The Golden Ticket

Diffusion-based robot policies generate actions by denoising a random Gaussian sample. At inference time, a fresh noise vector is drawn, and the learned denoising network transforms it into a motor command. The randomness is considered essential — it provides the diversity that makes generative models generative.

Patil, Biza, and colleagues (arXiv:2603.15757) freeze the noise to a single vector and find that performance improves. On 38 of 43 manipulation tasks, a fixed “golden ticket” noise vector outperforms random sampling, with success rate gains up to 60%. No retraining. The policy weights are untouched. The only change is replacing stochastic noise with a constant.

The mechanism: the learned denoising trajectory is the policy’s actual competence. The noise was supposed to provide useful variety, but it mostly introduced failure modes — suboptimal regions of the noise space that map to poor actions through the denoising network. Collapsing the noise distribution to a single well-chosen point eliminates these failure modes while preserving the denoising network’s ability to generate high-quality actions.

Different golden tickets are optimal for different tasks, and multi-task deployment creates a Pareto frontier: you can trade off performance between tasks by selecting different frozen vectors. The noise space, which was treated as undifferentiated randomness, turns out to be a structured landscape where some points are universally good and others are task-specifically optimal.
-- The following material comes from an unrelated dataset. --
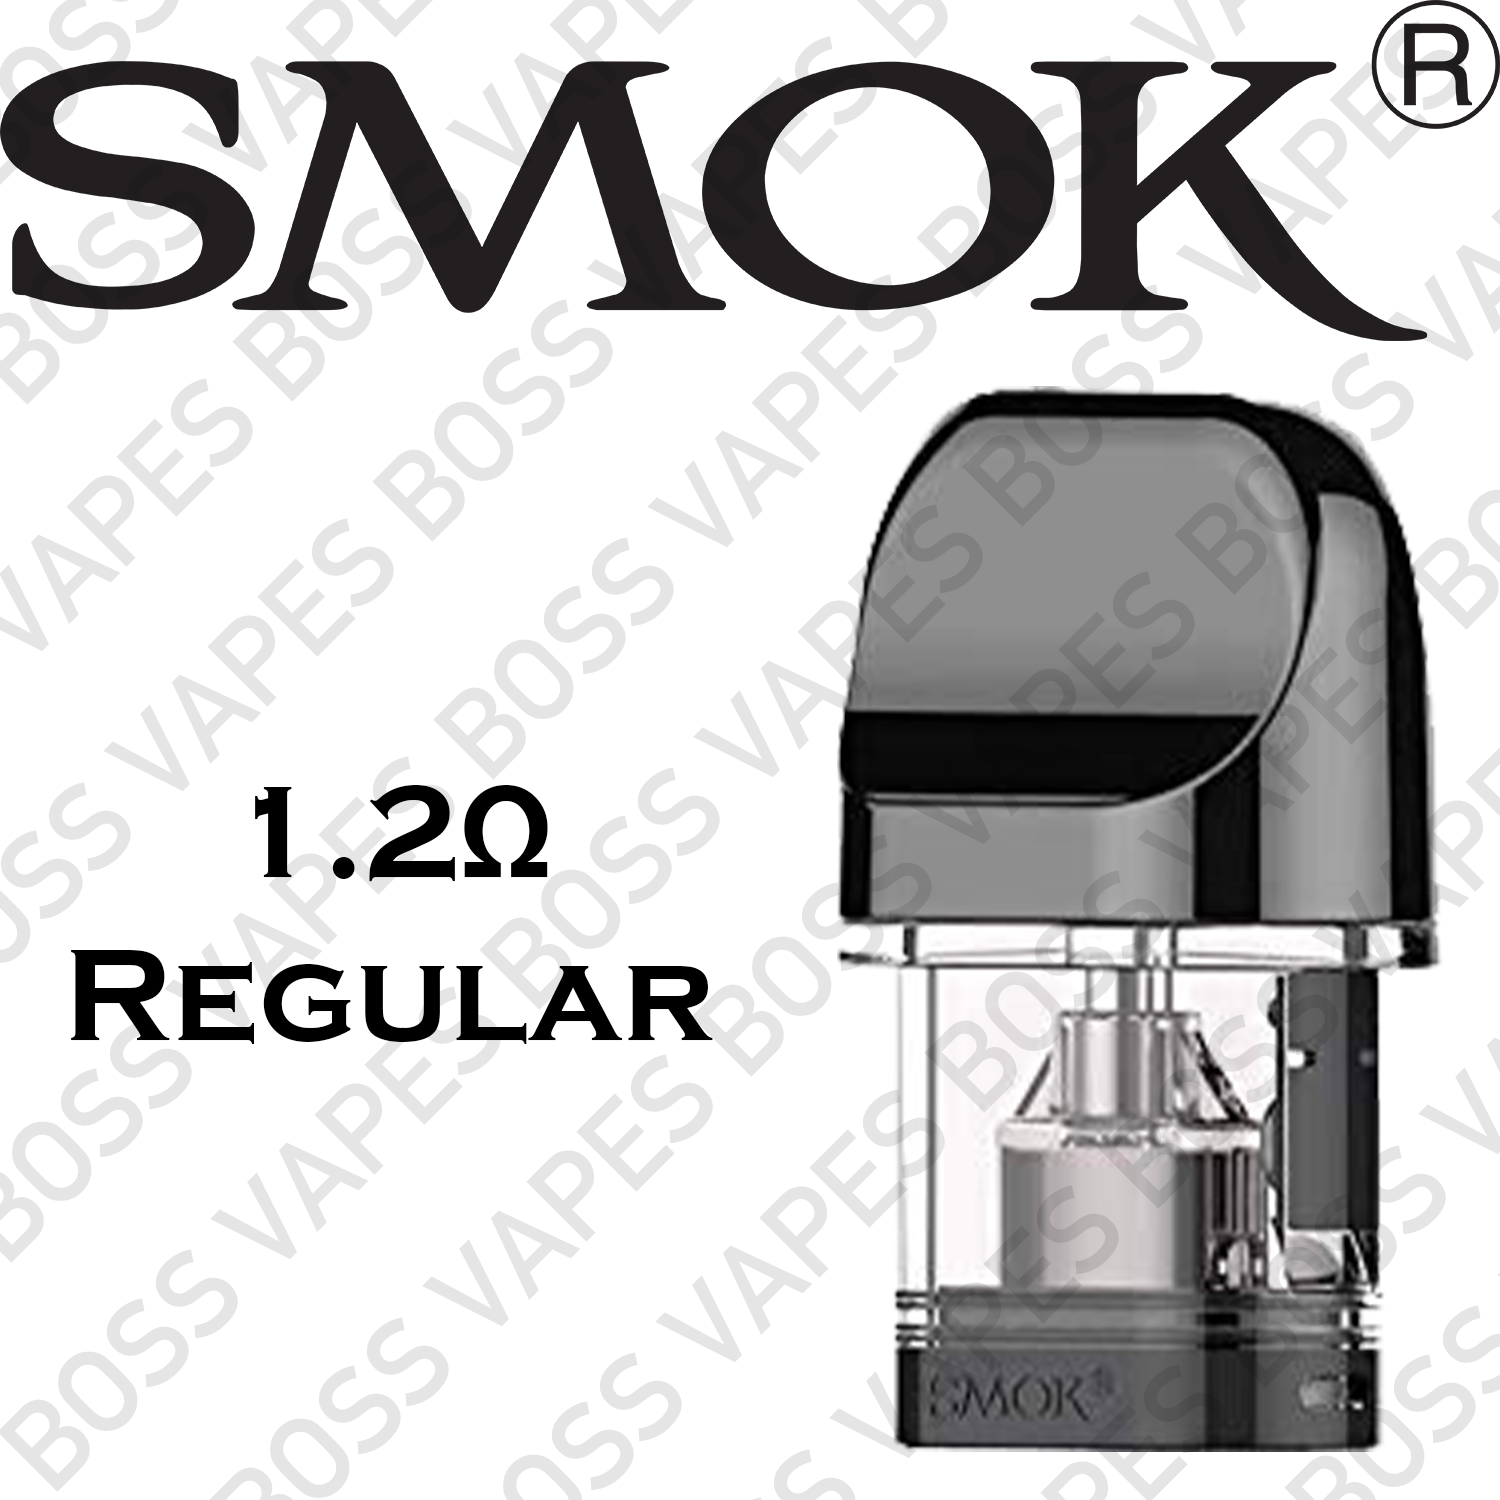 SMOK NOVO 1 REPLACEMENT PODs (Price Per POD) - Boss Vapes

The deeper implication: in generative models applied to control, the stochasticity that defines the model class may be counterproductive. The model learned to denoise from noise, but the best denoising happens from a specific noise, not from arbitrary noise. The randomness was never the engine of capability — it was a search strategy that included bad starting points. A single good starting point beats a distribution of mixed ones.